┌─ DATA UNDER STUDY

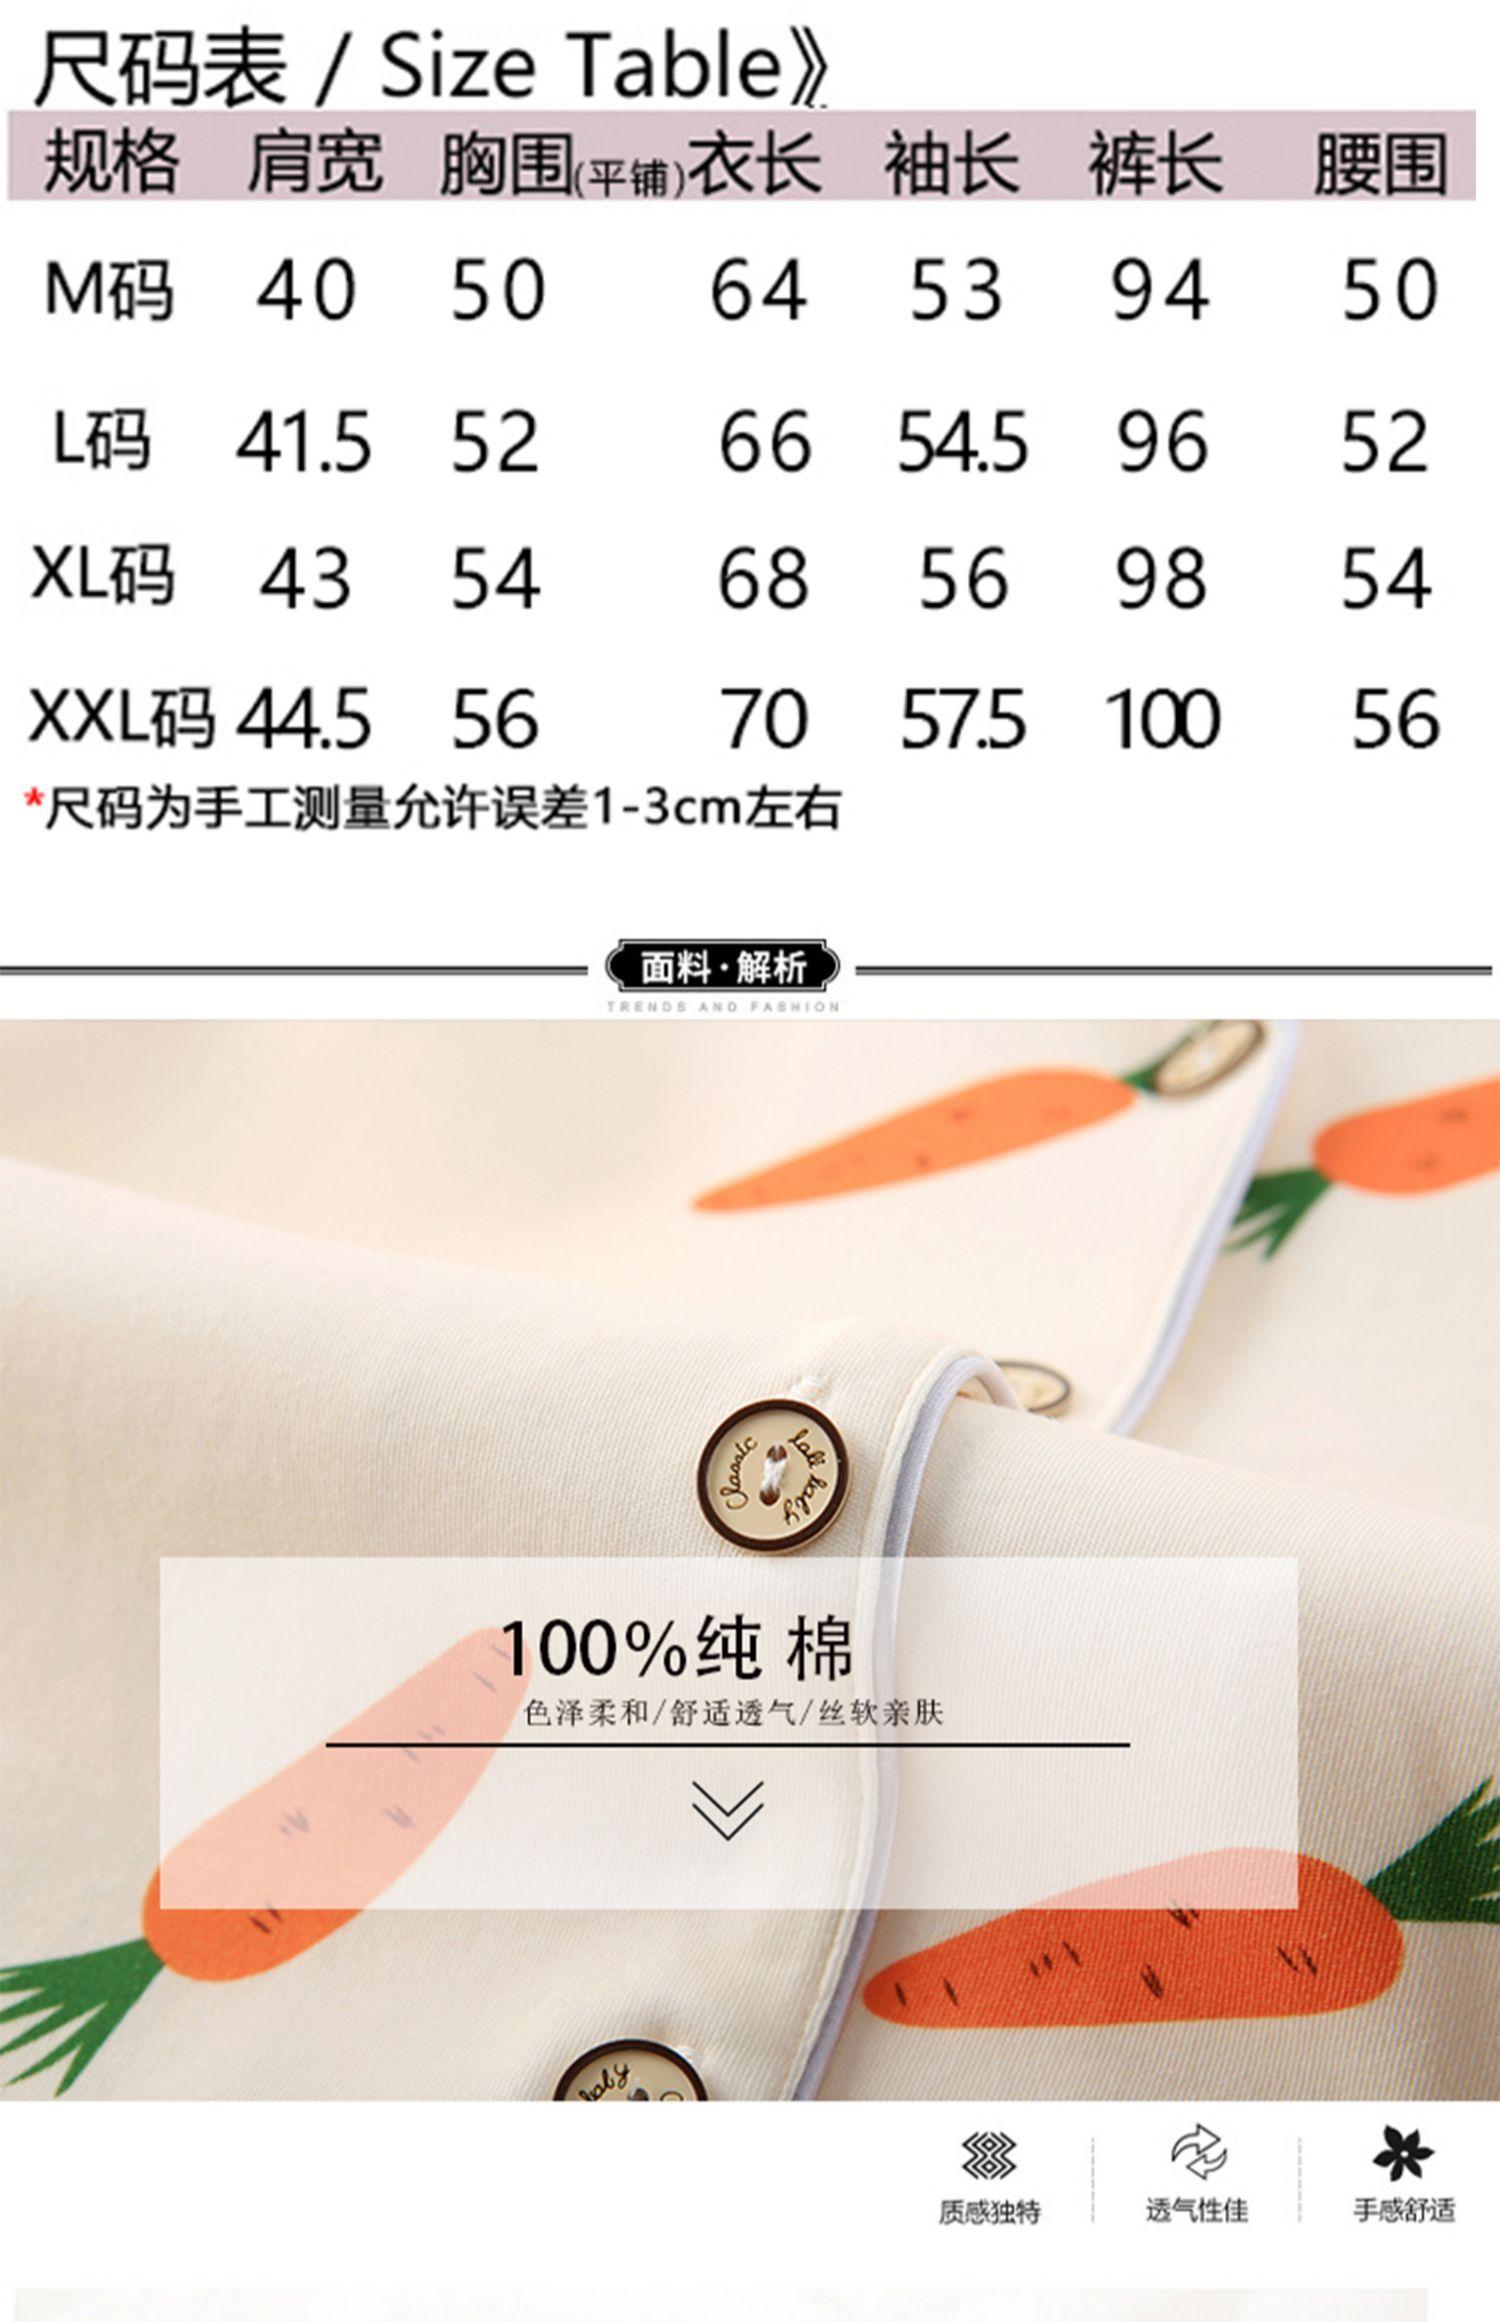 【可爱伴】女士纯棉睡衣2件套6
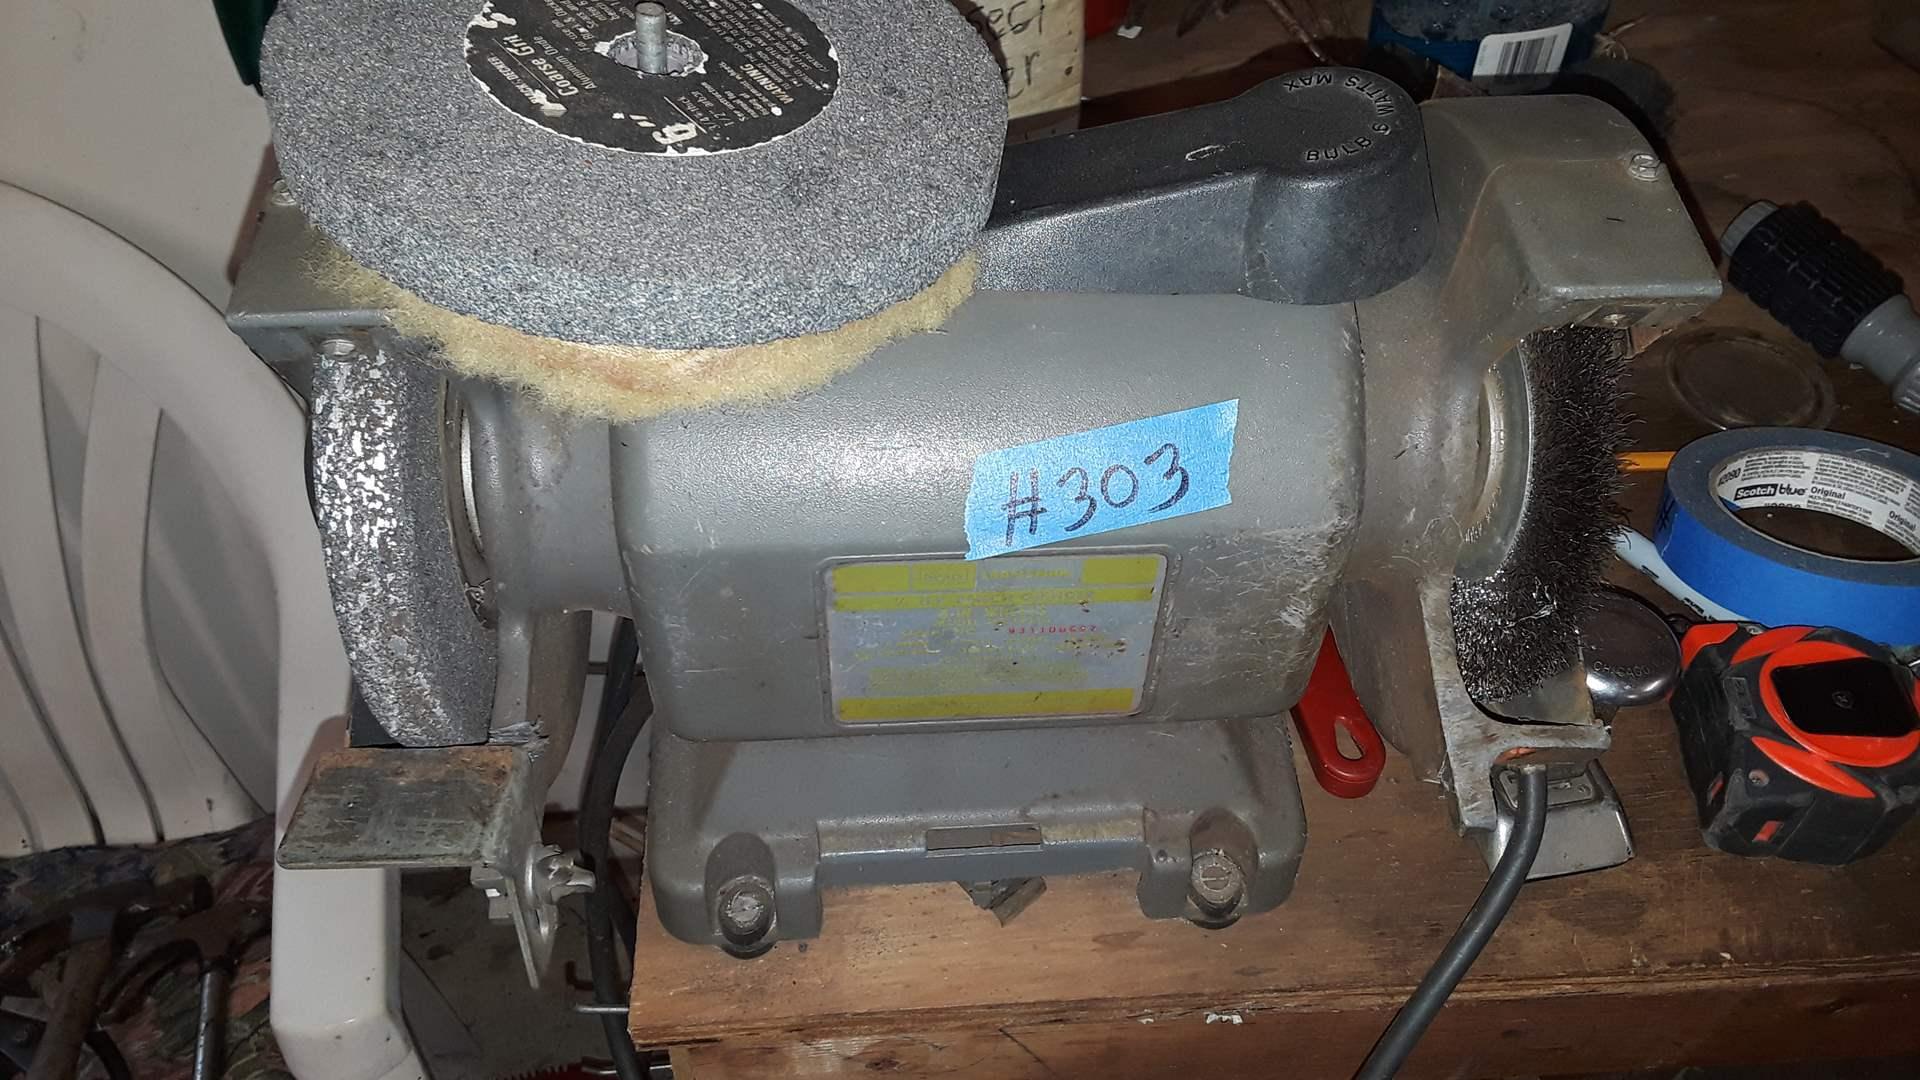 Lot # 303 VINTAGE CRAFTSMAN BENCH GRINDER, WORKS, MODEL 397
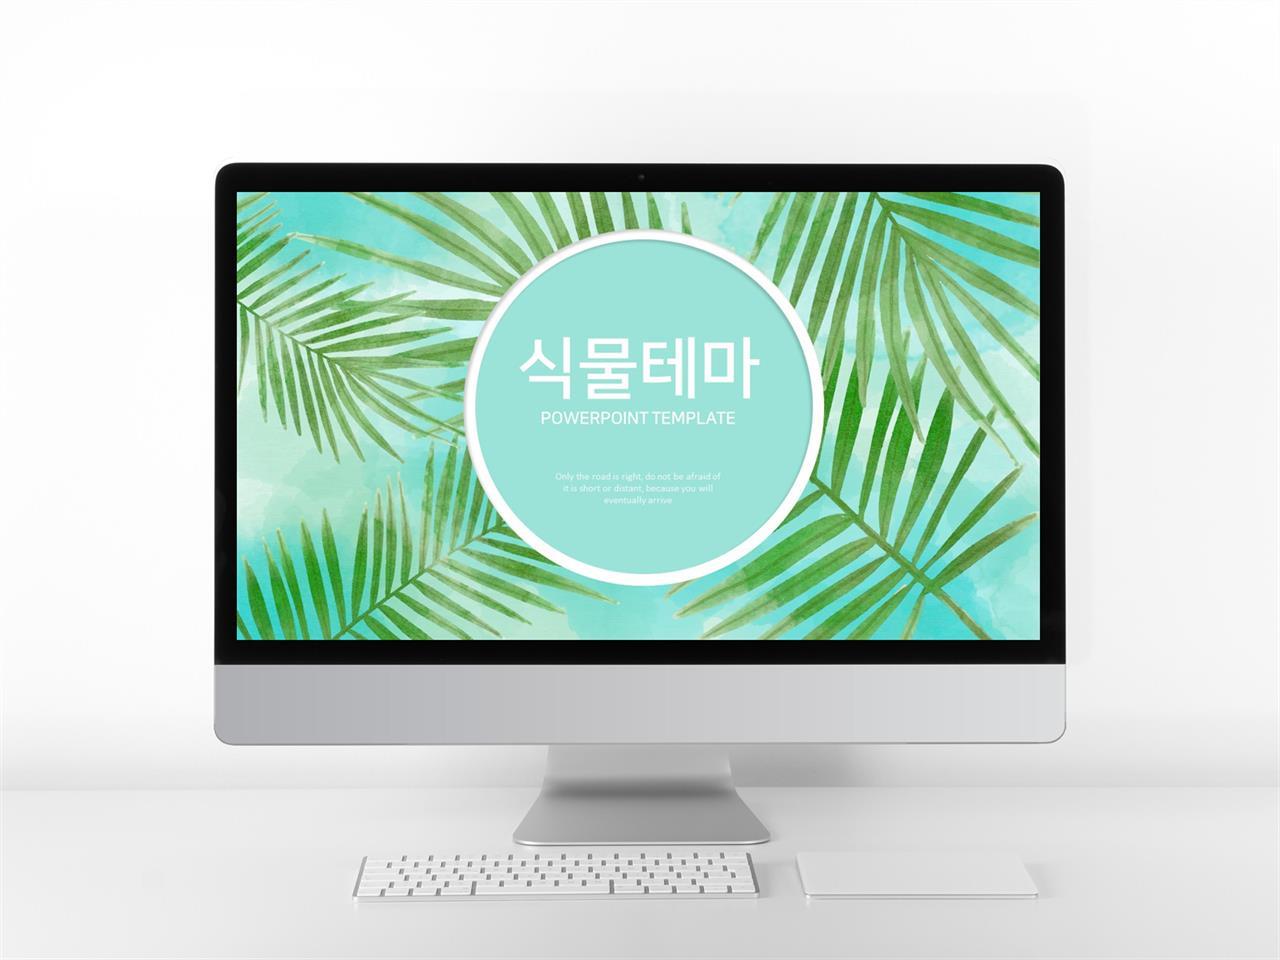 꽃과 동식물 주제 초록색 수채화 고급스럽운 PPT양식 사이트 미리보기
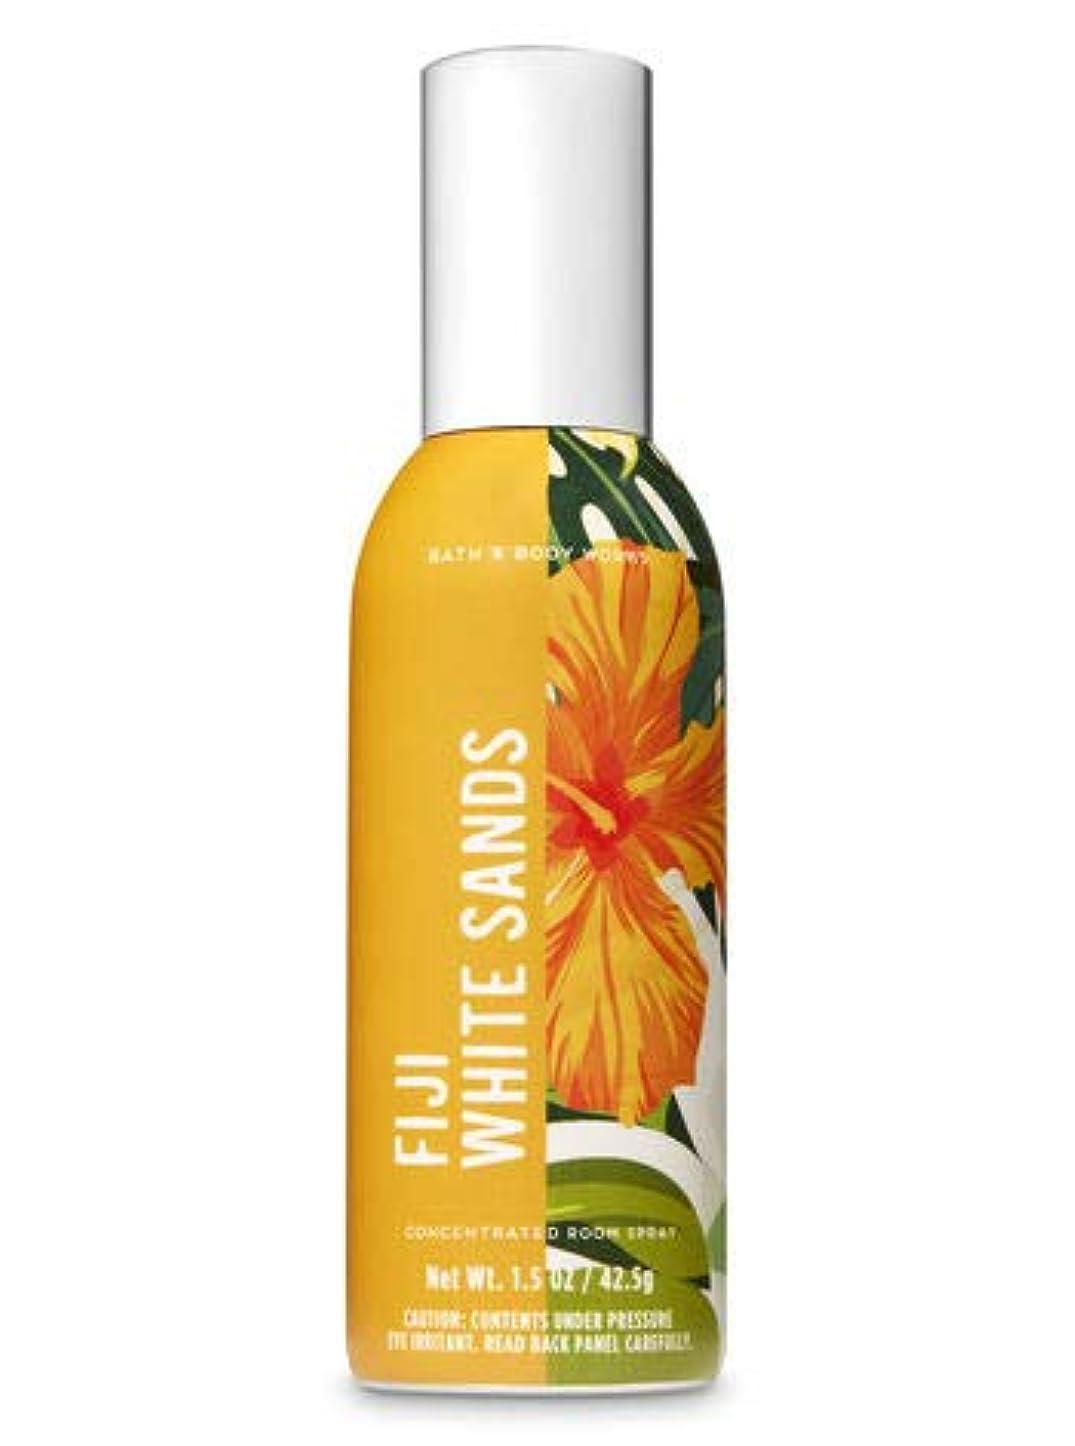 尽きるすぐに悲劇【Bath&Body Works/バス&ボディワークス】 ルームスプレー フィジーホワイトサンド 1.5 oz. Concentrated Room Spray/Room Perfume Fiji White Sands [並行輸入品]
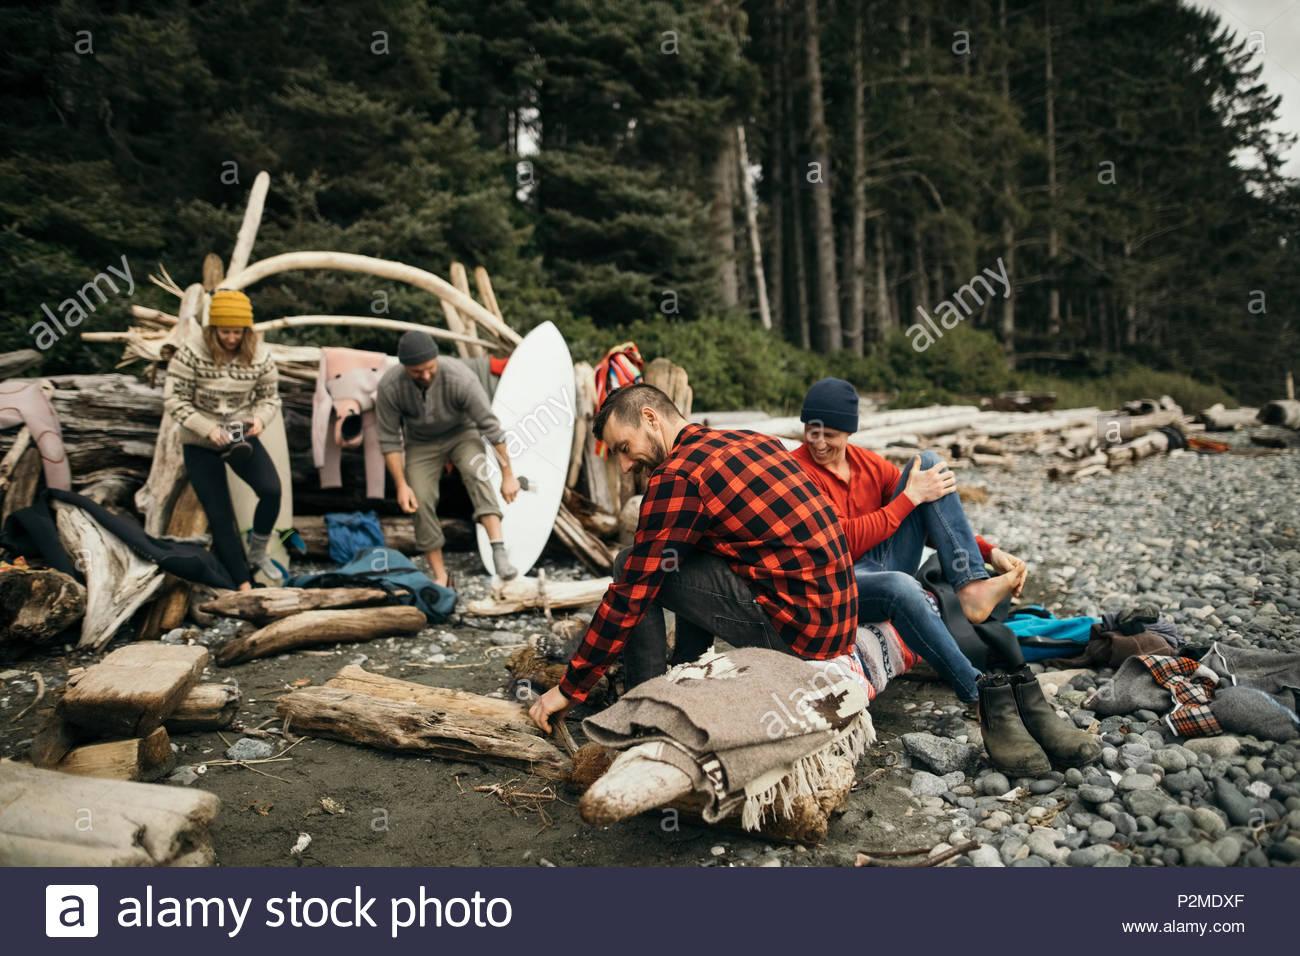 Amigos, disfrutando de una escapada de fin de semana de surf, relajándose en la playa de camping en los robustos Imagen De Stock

└─

Pictures stay out. Copy exactly, and only, the lines from the one containing "꽃과 동식물 주제 초록색 수채화 고급스럽운 PPT양식 사이트 미리보기" through the end of the data.

 꽃과 동식물 주제 초록색 수채화 고급스럽운 PPT양식 사이트 미리보기
 尽きるすぐに悲劇【Bath&Body Works/バス&ボディワークス】 ルームスプレー フィジーホワイトサンド 1.5 oz. Concentrated Room Spray/Room Perfume Fiji White Sands [並行輸入品]
 Amigos, disfrutando de una escapada de fin de semana de surf, relajándose en la playa de camping en los robustos Imagen De Stock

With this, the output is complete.